/DL-project1-CNN-CIFAR-10

Codes for the Deep Learning project 1 about CNNs on CIFAR-10.

Primary LanguageJupyter Notebook

Deep Learning – Project 1

Image classification with convolutional neural networks

Codes for the Deep Learning project 1 about CNNs on CIFAR-10.

Codes description

Folder models contains the implementation of the models used in the project. The models are implemented as classes that inherit from torch.nn.Module.

Script train_model.py contains a class that you can pass model, dataset and training hyperparameters and it will train the model and return the results. It is used by tests_script.py.

Script tests_script.py can be run from terminal to train a model of a given architecture with a given set of hyperparameters and upload the results to neptune.ai.

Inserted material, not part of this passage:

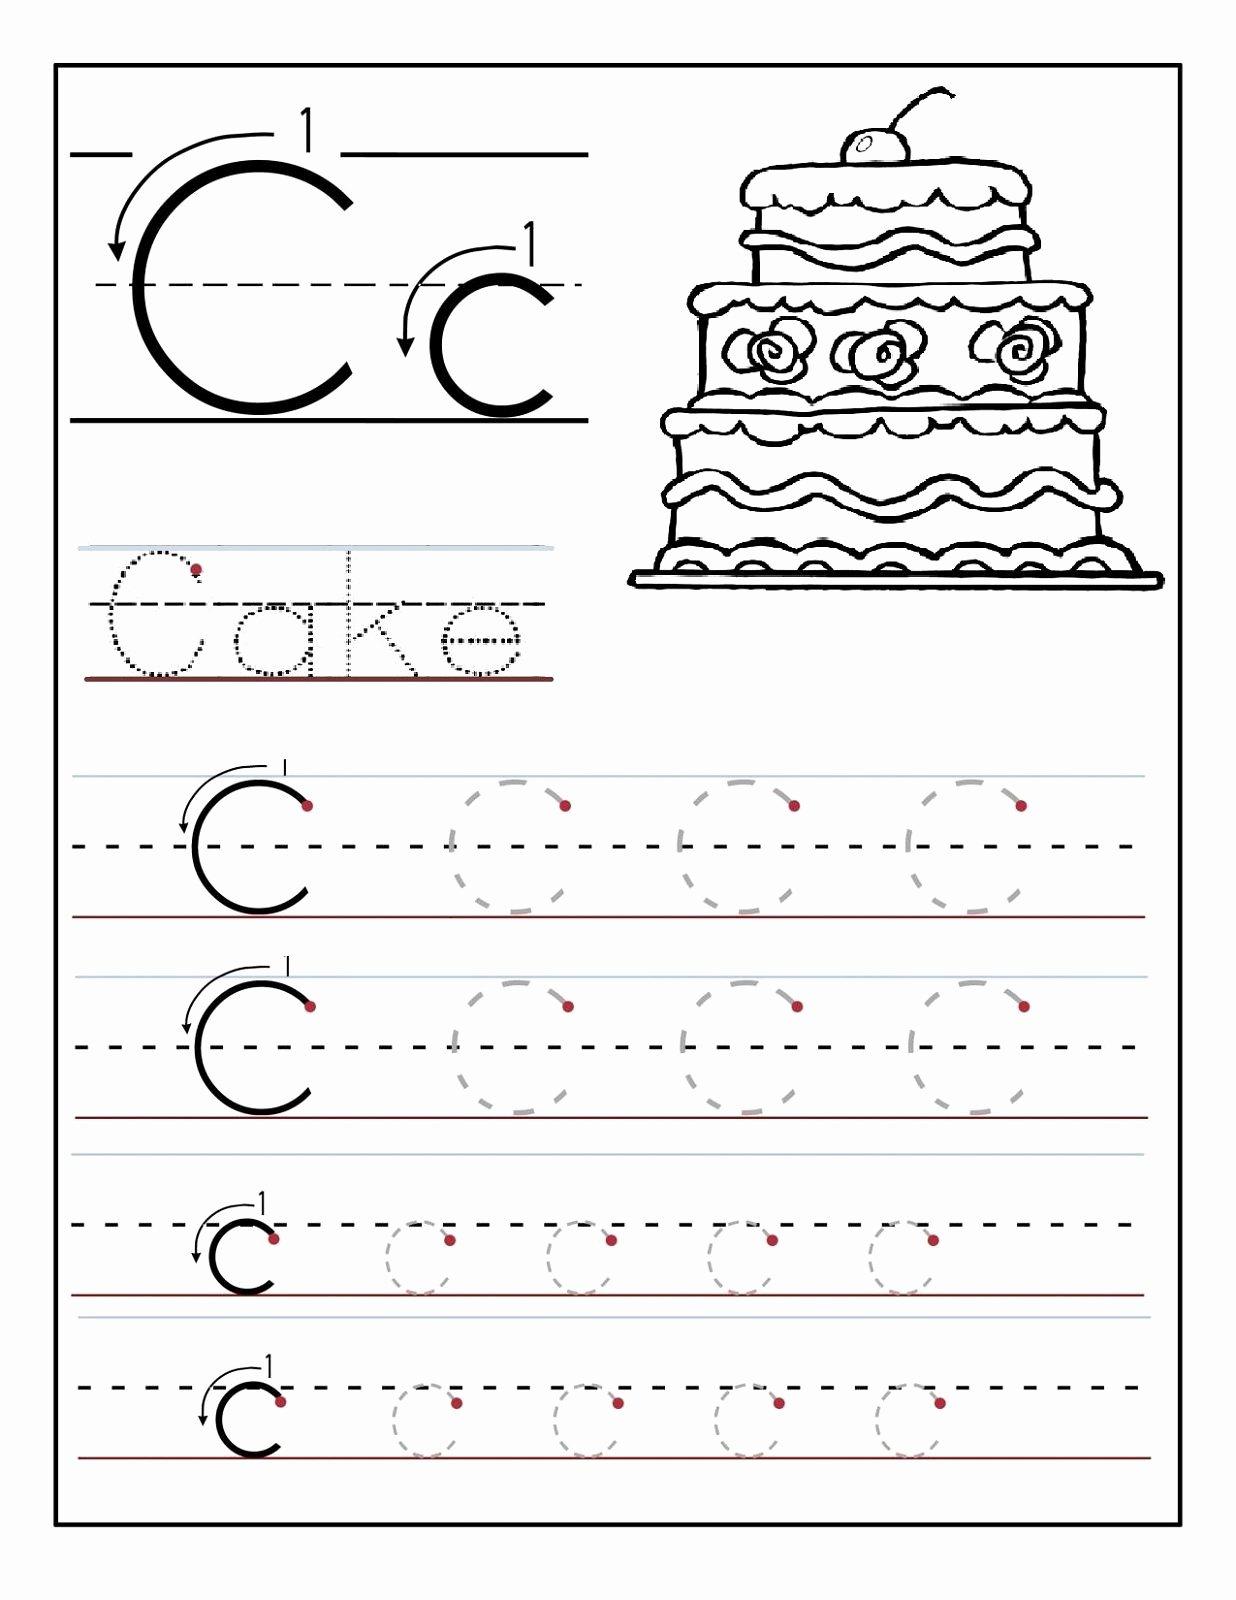 Letter C Tracing Worksheets for Preschoolers Best Of Trace the Letter C Worksheets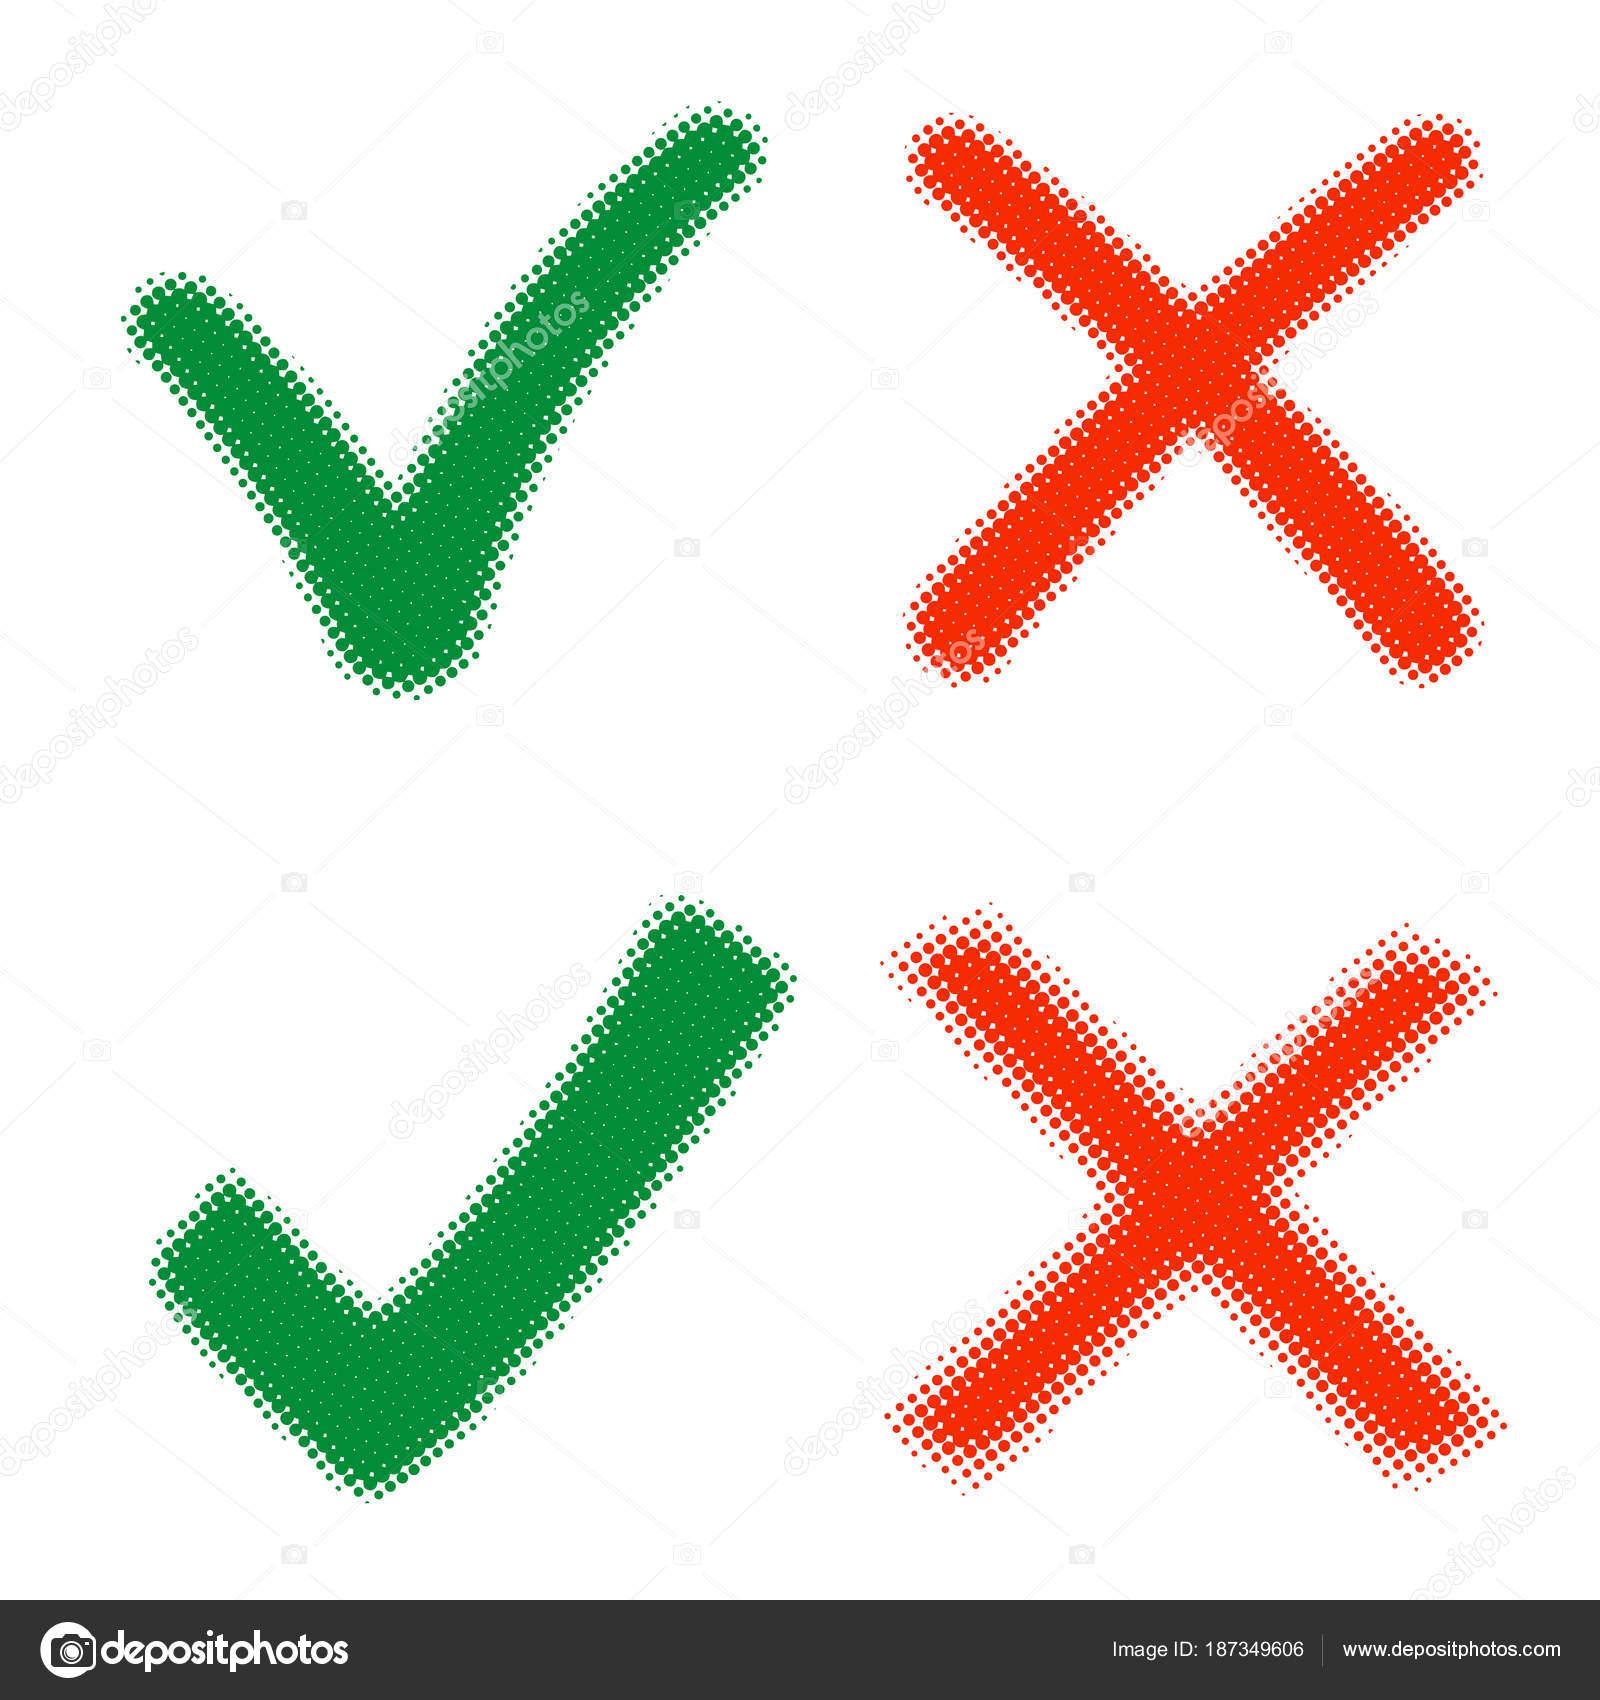 Mark X En V In Gekleurde Halftoon Groene Haken En Rode Kruizen Ja

It has a parameter to repeat the training multiple times and also allows for trying different augmentation methods.

Folder mixup_scripts contains scripts for training models with mixup augmentation as they required a few changes in the training loop.

Other files

ensembles* files are related to creating ensembles and evaluating their accuracy.

kaggle* files are related to the Kaggle CIFAR-10 competition. The predicted labels achieved a score of 0.8119

Folder dl_trained_models contains some of the models used for ensembling. Bigger models (ResNet18 architecture) were not uploaded.

Folder plots contains all the charts created during the project.

export.csv contains most important results exported from neptune.ai.

Reproducibility

This section contains description of how to repeat the experiments using the provided scripts.

Environment

Experiments were run mainly in following settings:

  • Ubuntu 20.04, Python 3.10.9, PyTorch 2.0.0, CUDA 11.7

Code was also tested in following settings:

  • Ubuntu 22.04, Python 3.9.16, PyTorch 2.1.0, CUDA 11.7
  • Debian 10, Python 3.9.16, PyTorch 1.12.1, CPU only

requirements.txt and environment.yml files contain the list of required packages installed in the first of the environments listed above.

Using pip:

pip install -r requirements.txt

Using conda:

conda env create -f environment.yml

How to run the experiments

Script experiment_baseline.sh runs training of baseline models with default parameters and repeates the training 5 times. It also uploads the results to neptune.ai. Default parameters include learning rate = 0.003, batch size = 16 and number of epochs = 25. Run with:

./experiment_baseline.sh

Script experiment_hyperparameters.sh runs training of the pretrained ResNet18 with different hyperparameters and augmenation methods. It also uploads the results to neptune.ai. Run with:

./experiment_hyperparameters.sh

You may directly run the tests_script.py script with different parameters. To see the examples, open experiment_baseline.sh.

There is no separate script for ensembles. They were created and evauated in the ensembles.ipynb Jupyter Notebook.

The codes for final plots, which were created in order to study the influence of hyperparameters and data augmentation, are available in summary.ipynb notebook.